▶ **Data block**
----
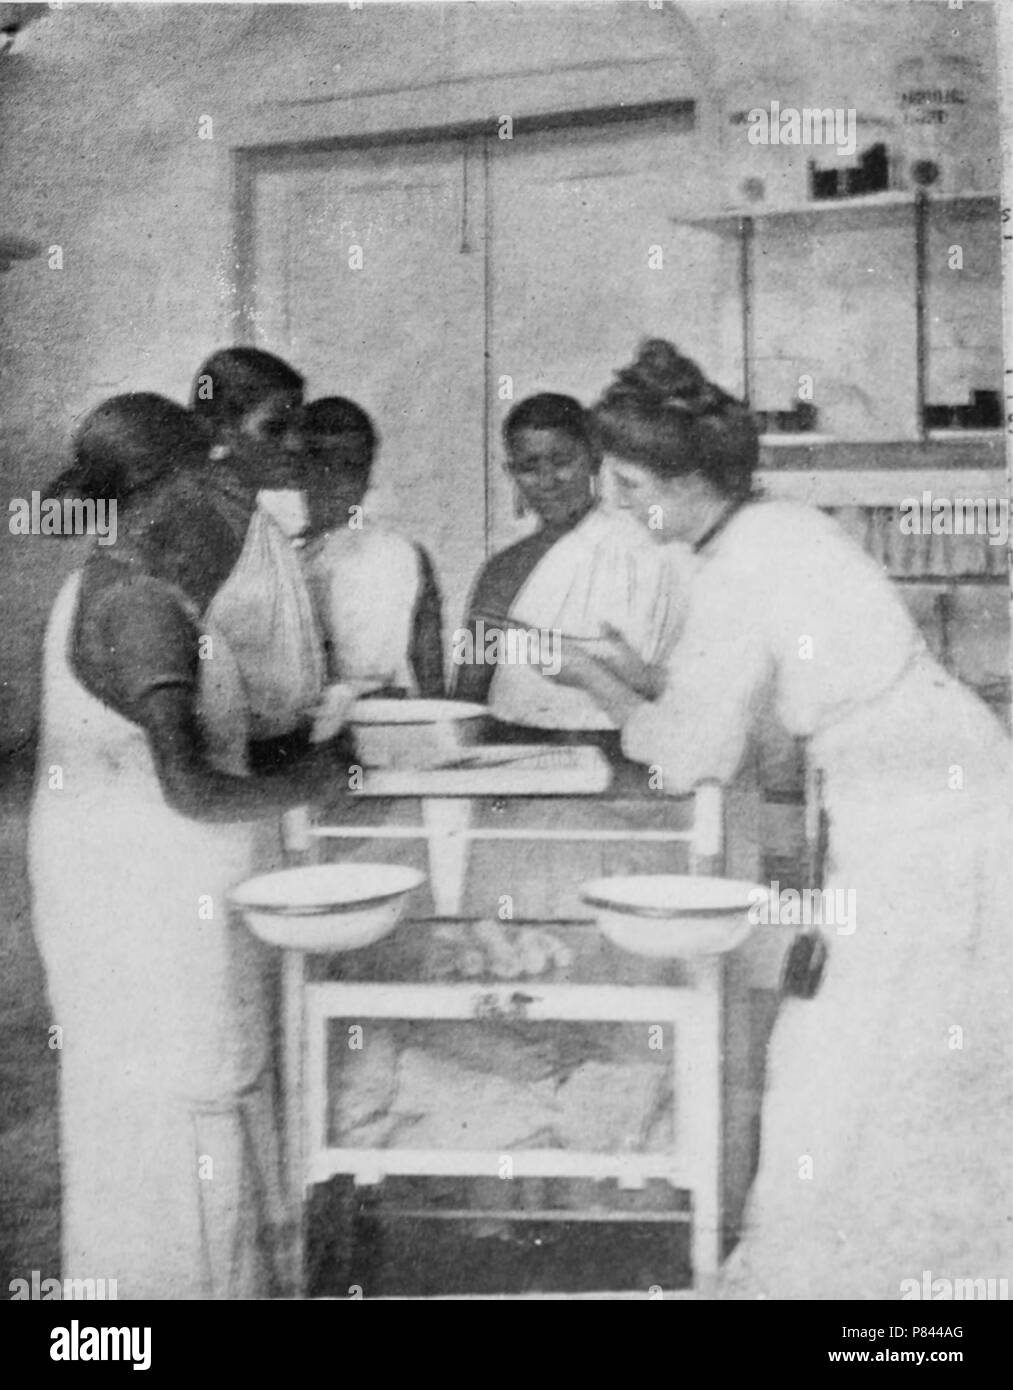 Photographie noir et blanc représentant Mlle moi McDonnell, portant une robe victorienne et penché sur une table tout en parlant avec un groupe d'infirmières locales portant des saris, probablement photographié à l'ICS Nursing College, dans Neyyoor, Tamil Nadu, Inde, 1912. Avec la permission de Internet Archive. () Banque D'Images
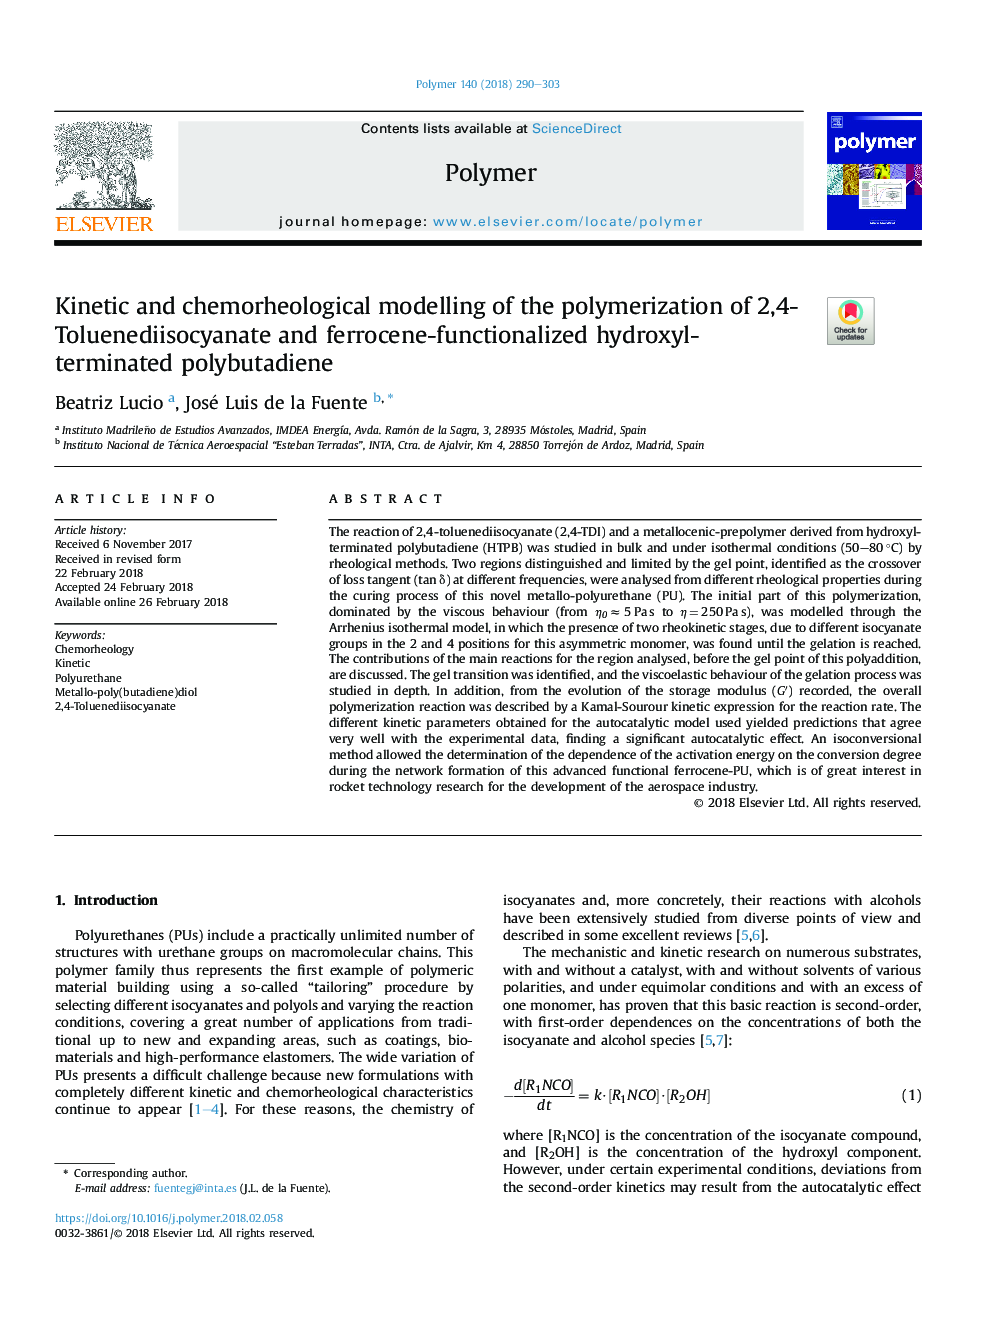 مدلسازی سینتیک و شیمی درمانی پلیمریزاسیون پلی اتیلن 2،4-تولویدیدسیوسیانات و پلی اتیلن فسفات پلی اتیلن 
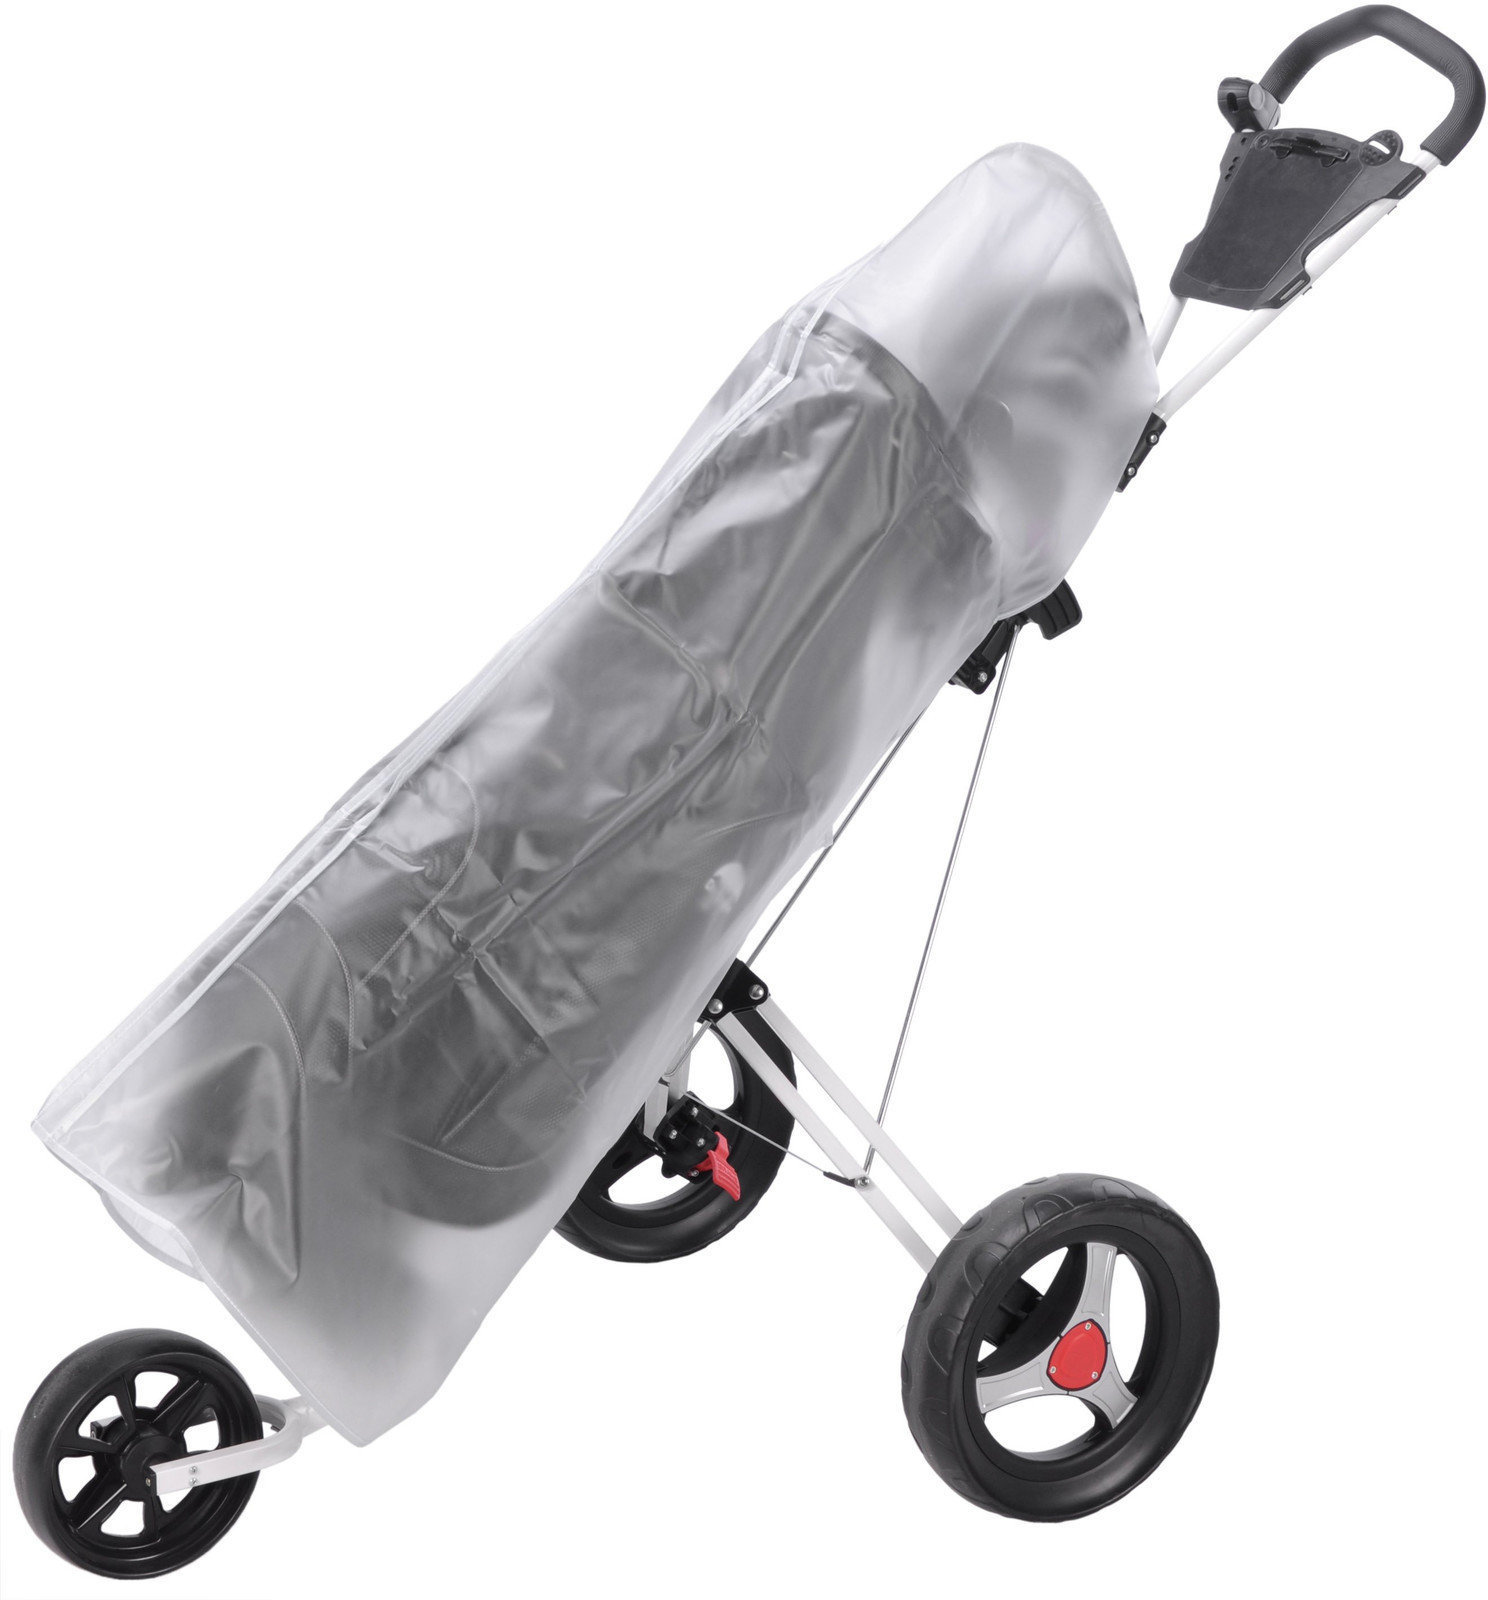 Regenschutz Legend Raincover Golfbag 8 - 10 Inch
----
All of the material above must be given again verbatim, except for the pictures.

 Photographie noir et blanc représentant Mlle moi McDonnell, portant une robe victorienne et penché sur une table tout en parlant avec un groupe d'infirmières locales portant des saris, probablement photographié à l'ICS Nursing College, dans Neyyoor, Tamil Nadu, Inde, 1912. Avec la permission de Internet Archive. () Banque D'Images
 مدلسازی سینتیک و شیمی درمانی پلیمریزاسیون پلی اتیلن 2،4-تولویدیدسیوسیانات و پلی اتیلن فسفات پلی اتیلن 
 Regenschutz Legend Raincover Golfbag 8 - 10 Inch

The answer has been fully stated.